King of Tears certainly got me thinking. More accurately, it started me debating Gladwell’s premise. This is a fantastic bit of radio and well worth a listen, but the elevator pitch version of his theory here is that the specificity of the lyrics in country music- music made and embraced primarily by rural Southern white people- is more cathartic than the more vague lyric expressions of rock n roll- music made and embraced by Urbanites from the Coasts. He then reads into this, ideas about this phenomenon’s impact on the cultural divide in contemporary America. It is fascinating and beautifully rendered, but it is also a hopelessly flawed argument.
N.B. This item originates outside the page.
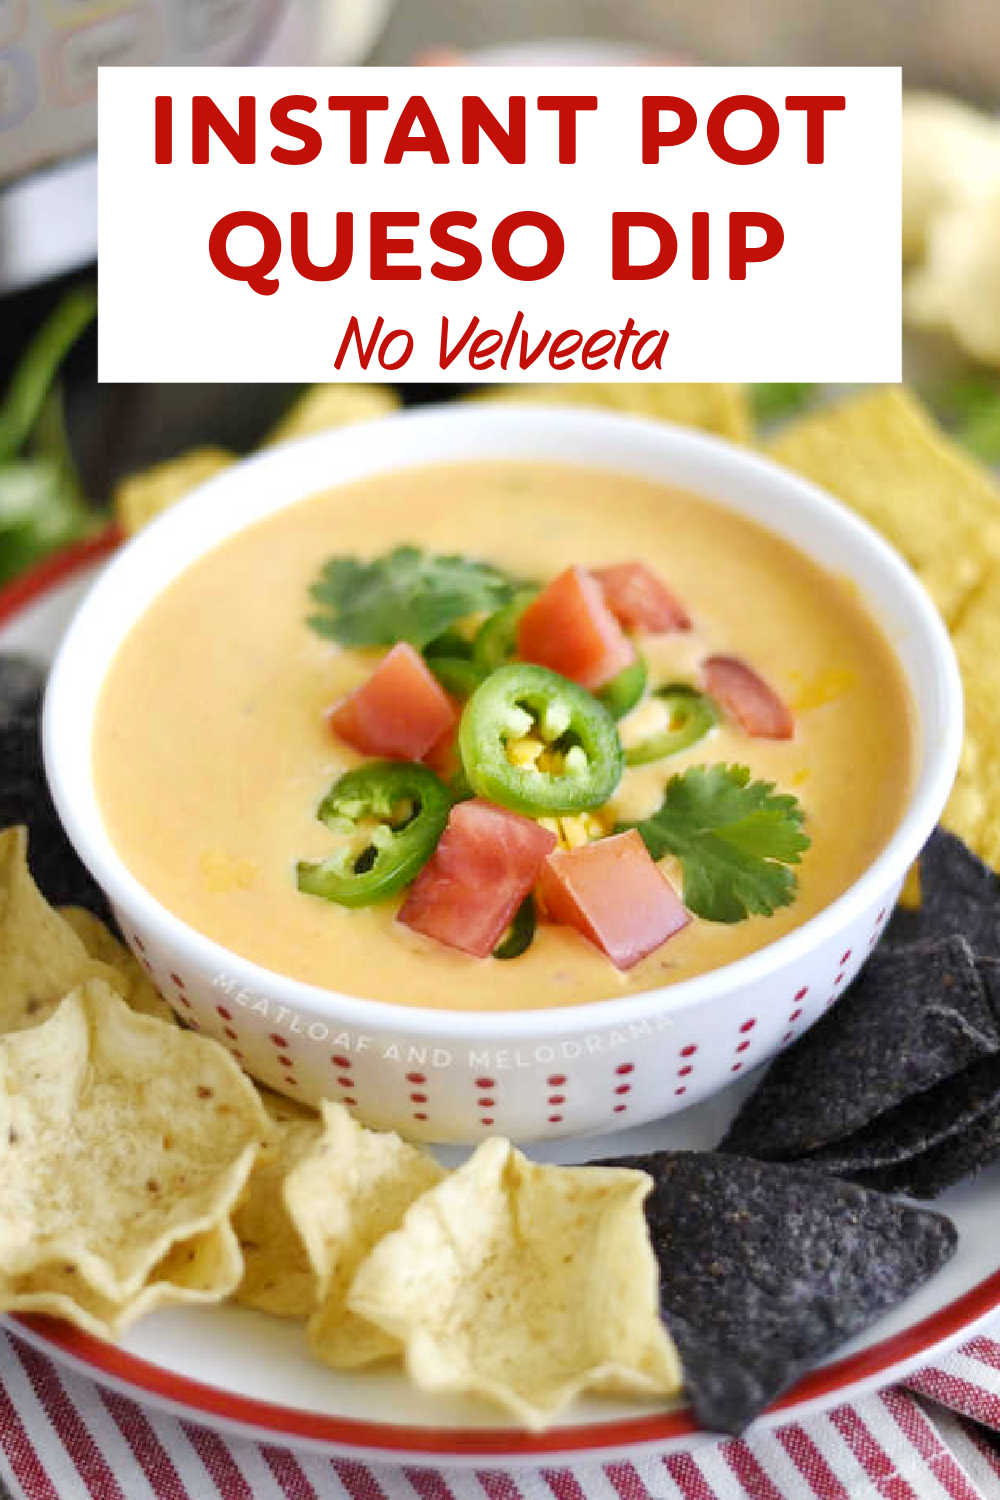 Easy Instant Pot Queso Dip made with cream cheese shredded cheddar cheese and Monterey Jack -- no Velveeta -- is a delicious hot cheese dip perfect for game day and parties. This easy recipe is Keto friendly, too! via @meamel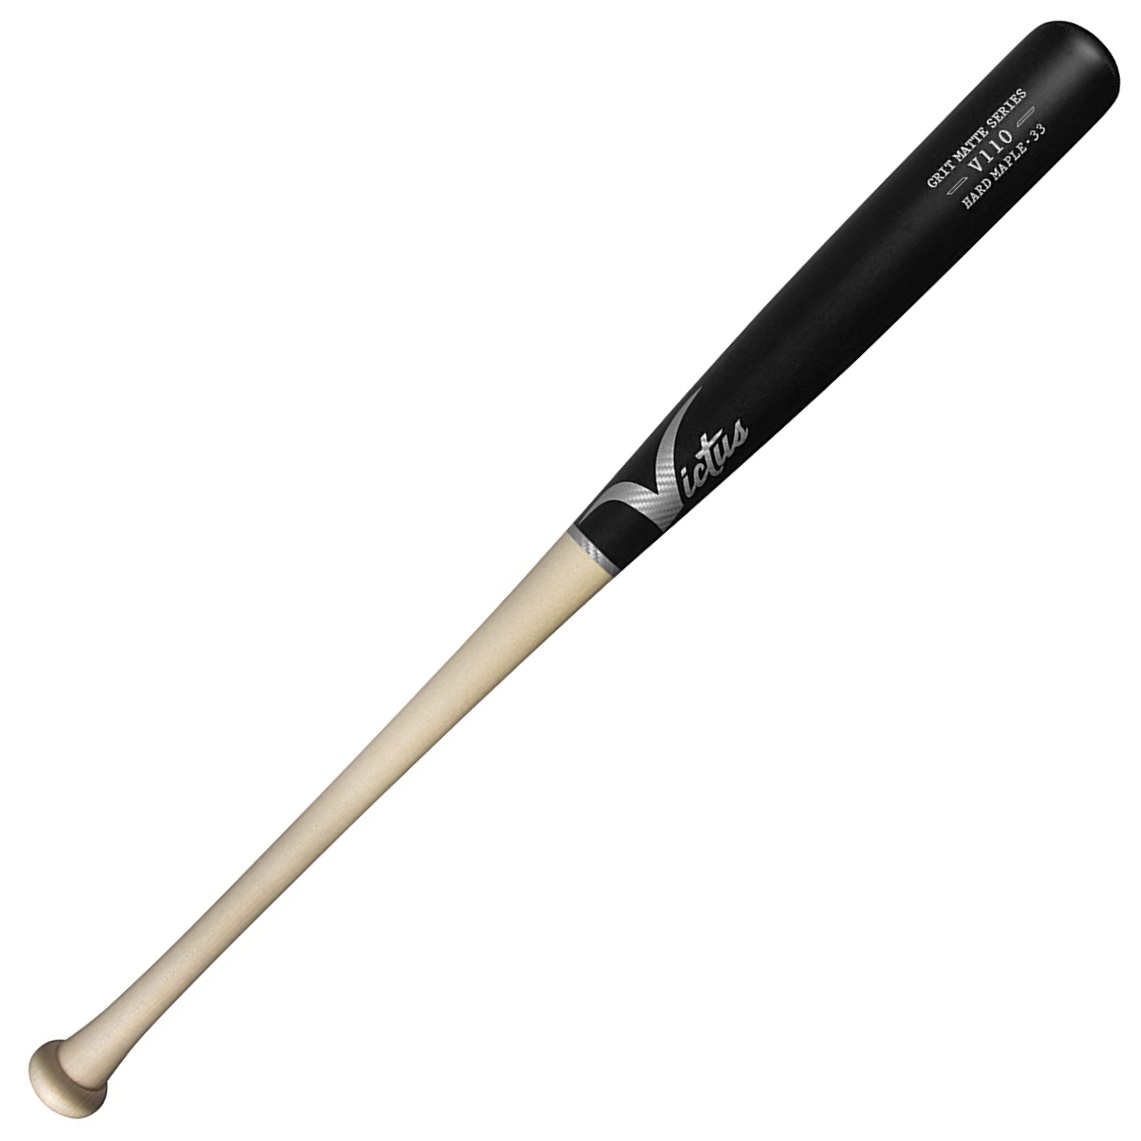 Balance is the name of the game with this cut. The V110 has a small knob with very little flare leading into a handle slightly thicker than most. The rest of the bat is one long taper that transitions into a good-sized, well balanced barrel. Victus Grit Matte bats are made for grinders. Featuring the same quality wood as our Pro Reserve line, the textured matte finish gives these bats a unique look and feel and has been rumored to grip the ball, creating more backspin. - Approximately -3 length to weight ratio - Balanced Feel - Textured matte finish maple - Big League-grade ink dot certified - Knob: Traditional - Handle: Medium - Barrel: Medium - NO warranty

To make his case, Gladwell snarks about the lyrics of songs from Rolling Stones list of the 50 Greatest Rock N Roll songs of all-time. He calls out the weak lyrical content of Hotel California at #49 (which would be better suited for a list the 50 worst rock n roll songs) #27 Layla and several others, but spends the most time mocking the nonsense lyrics of Little Richard’s Tutti-fruity at #43, lyrics which the articles notes for being made trite after having to be changed from the sexually-charged original version. He concludes by pointing out that the number-one song, Bob Dylan’s Like a Rolling Stone is essentially about a girl who drops out of Harvard. It’s entertaining sarcasm but it is a bit disingenuous. Anyone making this kind of culture-close-reading style of argument is going to cherry pick the examples to some degree, but Gladwell is doing that in the extreme here and while Rolling Stone is certainly a worthy source to cite for the list, there are terrible choices here that can and should be questioned, especially Like a Rolling Stone as the number-one song of all time. I am a huge Dylan fan and wouldn’t even count that song among his five best. The song happens to share a name with the magazine making the list, so maybe it isn’t the definitive choice.
I’ll address the problem with Like a Rolling Stone as the torch-bearer for rock n roll and Gladwell’s interpretation of it another time because that was a large part of my reaction, but haggling over his examples doesn’t really matter much in terms of confronting the biggest misconceptions in his analysis. He isn’t wrong in his central premise that country music’s lyrics are more specific and that that stylistic choice makes them more cathartic in certain ways. Sure, George Jones singing He Stopped Loving Her Today can get a tear to my eye and the version at this memorial service is a good reason to invest in Kleenex stock, but that isn’t the whole story.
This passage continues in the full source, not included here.